Companies getting started with automated testing face an initial hurdle: cost. For InfoStretch Corp., an outsource...
quality and testing/ engineering services company, in Santa Clara, Calif., a tool called Automation Anywhere is helping their clients automate testing in an affordable way, according to CEO Rutesh Shah.
Automation Anywhere (formerly Tethys Solutions), also based in Santa Clara, "didn't position it as a testing tool out of the box, but we found we could start using it as an automation tool," Shah said. "It worked out for us with customers who didn't have a test automation tool or budget to buy a big test automation tool, and they wouldn't use open source. We found a sweet spot leveraging this technology."
InfoStretch provides outsourced software as a service (SaaS) solutions, mobile application development and testing, quality assurance and process optimization services, and ERP testing. The provider has been using Automation Anywhere, which automates business and IT processes, for about two years, Shah said, initially as a data generation tool.
But Shah said the product had some features that they found suitable for use as a testing tool, such as the ability to design workflows. "That's important for testing," he said. With workflow, he explained, you can designate things like "after this action go here, but only if the middle step was successful. In testing that's a big thing, because you don't want to continue if the test fails."
Shah said Automation Anywhere was also amenable to enhance the product to meet more of their automated testing needs. "We had one client that has been developing Windows applications since 1992, and in 2004 they rearchitected everything to .NET."
The client, which was an emergency response government agency, wanted to automate testing and put together a regression library, but because of the older controls in the tests, none of the tools they had worked. InfoStretch asked Automation Anywhere to help them with the challenge, "and they started adding 'actions' based on what we came up with."
Today, InfoStretch typically uses Automation Anywhere to automate regression testing for its clients unless the client already has another tool and has built scripts. "In that case we use [Automation Anywhere] for data generation," Shah said. "You can record a script for data generation and keep running it on 10 machines," he said, for example. "This kind of tool, and the cost, is very attractive to us. We can support it and incorporate it into our services."
According to Mihir Shukla, CEO of Automation Anywhere, customers use the product for two main areas: "any kind of business/IT process automation and automated testing. When we came out in the market we looked at the testing problem differently. We saw that the [automated testing] software from companies like Rational and others was designed to be used by programmers. So we looked at the problem of why does it cost so much to do automated testing? Because you need highly skilled resources, and time to create and manage the test cases."
Also, he added, "today quite a few companies have moved to agile where testing is an ongoing process and you can no longer do long testing phases.

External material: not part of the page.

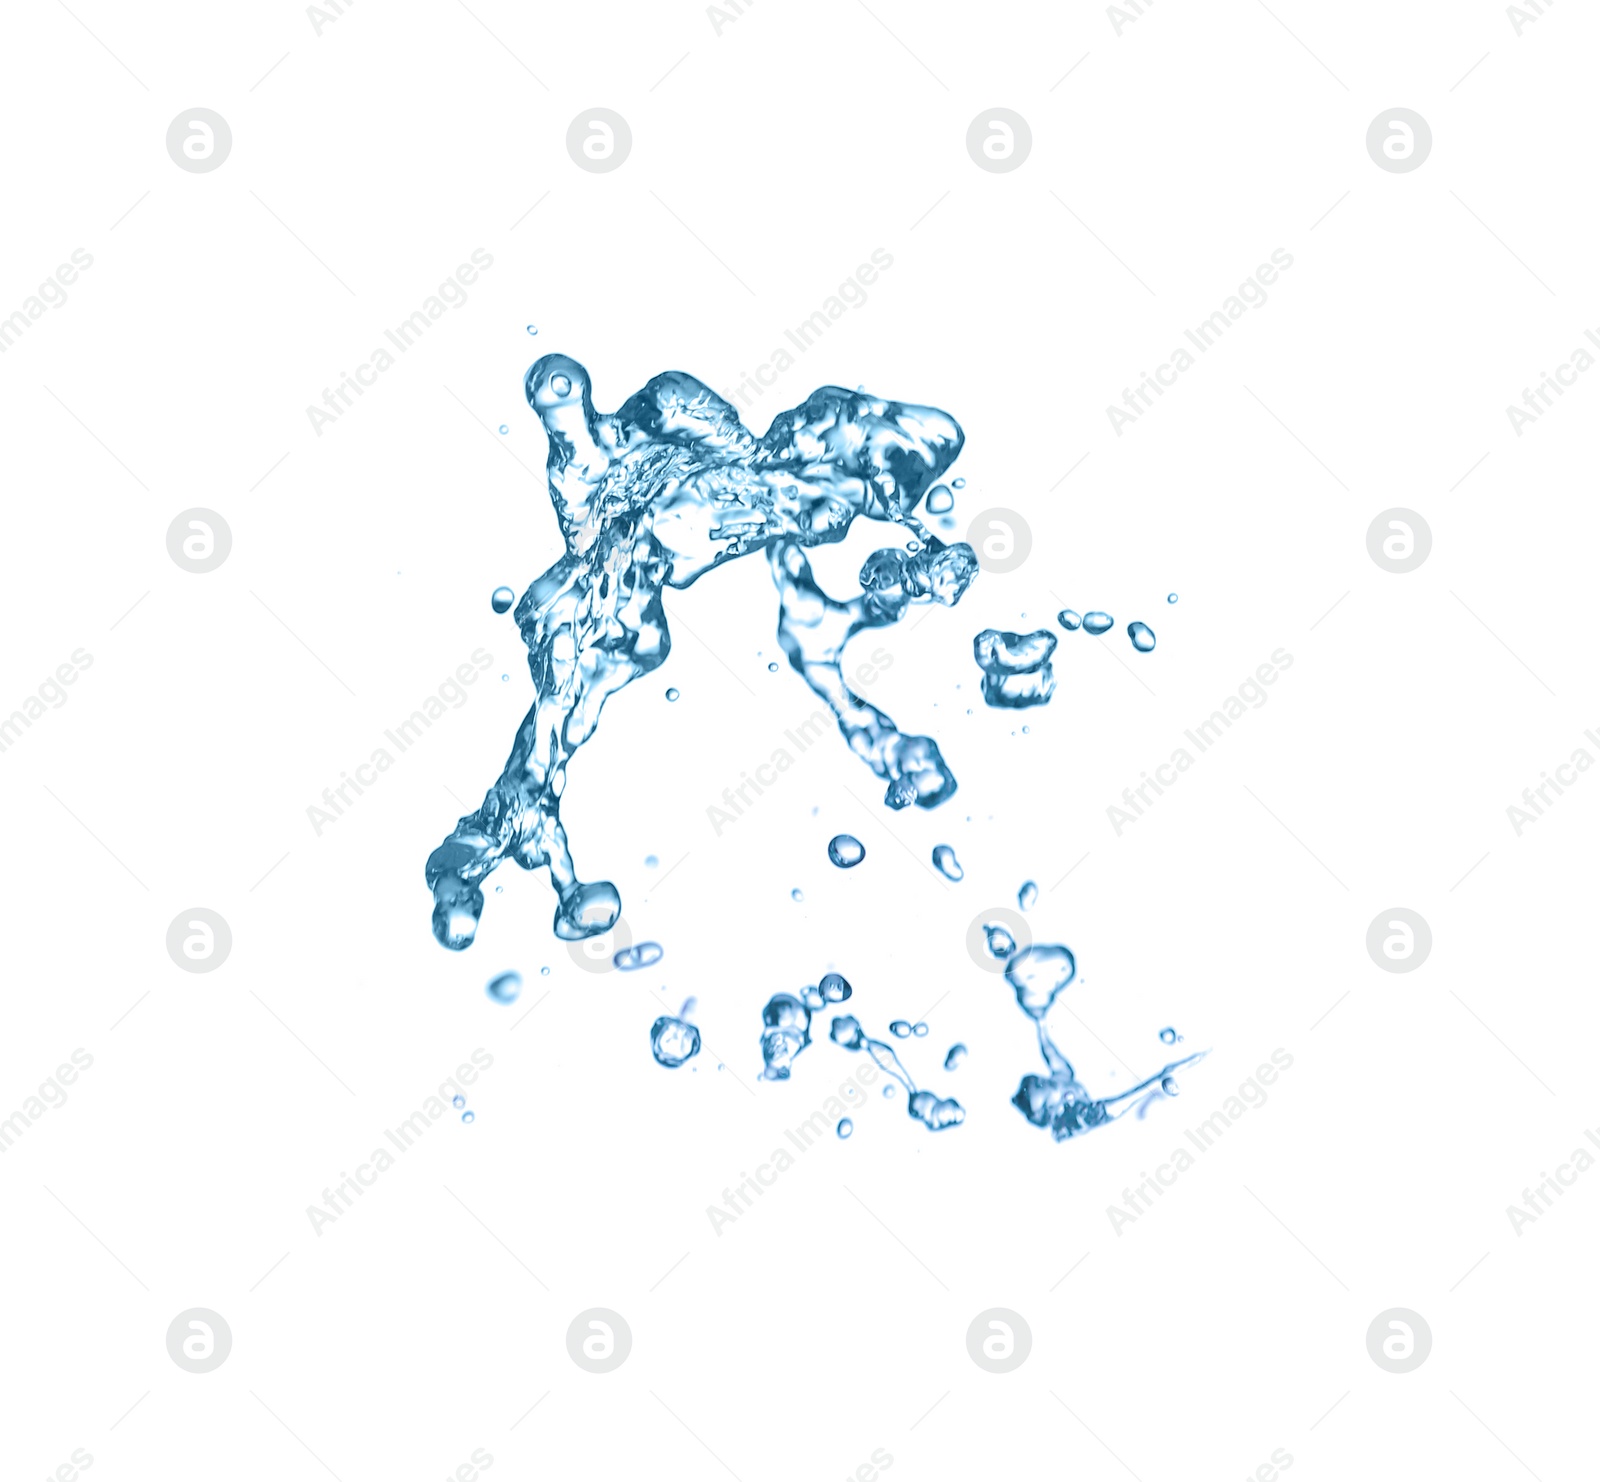 Photo of Abstract splash of water on white background

The process has to be quick and adaptable."
Automation Anywhere requires no programming and includes a wizard-based task editor for creating automation scripts; advanced repeat options for specifying and repeating the testing as often as needed; a built-in scheduler allows for overnight testing; and a data generator that facilitates testing large quantities of test data.
In addition, Shukla said, "You can take a test case and make it into an executable file and run it anywhere you like." This addresses the issue of tracing a development problem that may not surface in the QA environment but occurs in production. "It can take months to figure out what's going on," he said. "Many of our customers take an automated test and convert it to an executable, then run it and see what happens, and a problem is identified. Many of our customers choose us because of this feature."
Last week the company announced version 5.5 of Automation Anywhere, which adds email automation, a terminal emulator, secure FTPs, Microsoft Exchange Server reporter, bulk edit capability and an enhanced Web recorder. And in May the company rolled out Automation Anywhere Server, which enables group collaboration, a feature InfoStretch was looking for, Shah said. "We don't want tool to be one tester centric, want it to be team centric; we want to use what someone has already done."
Shah said he would also like Automation Anywhere to integrate with other test management tools, "so we don't have automated and manual testing separately."
He would also like to see support for automating the testing of mobile applications. "We've been testing manually for lack of technology. With each mobile app we have to test so many different forms. If we could automate this and keep running on different forms that would be tremendous."
Shah acknowledges that not everything can or should be automated. "You still need some manual end-to-end scenarios. We continue to have manual test cases in most of our engagements."
However, automated testing does contribute to quality, and avoids what Shah calls the "coffee syndrome" (or lack thereof). "If a guy didn't have a cup of coffee or had a fight [at home], testing could be subjective to his mood," he explained, "versus once a test is automated it's consistent and does [the task] without getting bored. It's important to make sure quality is consistent, and automation will help you achieve that. We take pride in testers, but they're still human, and can get influenced by things surrounding them, but a machine can keep running."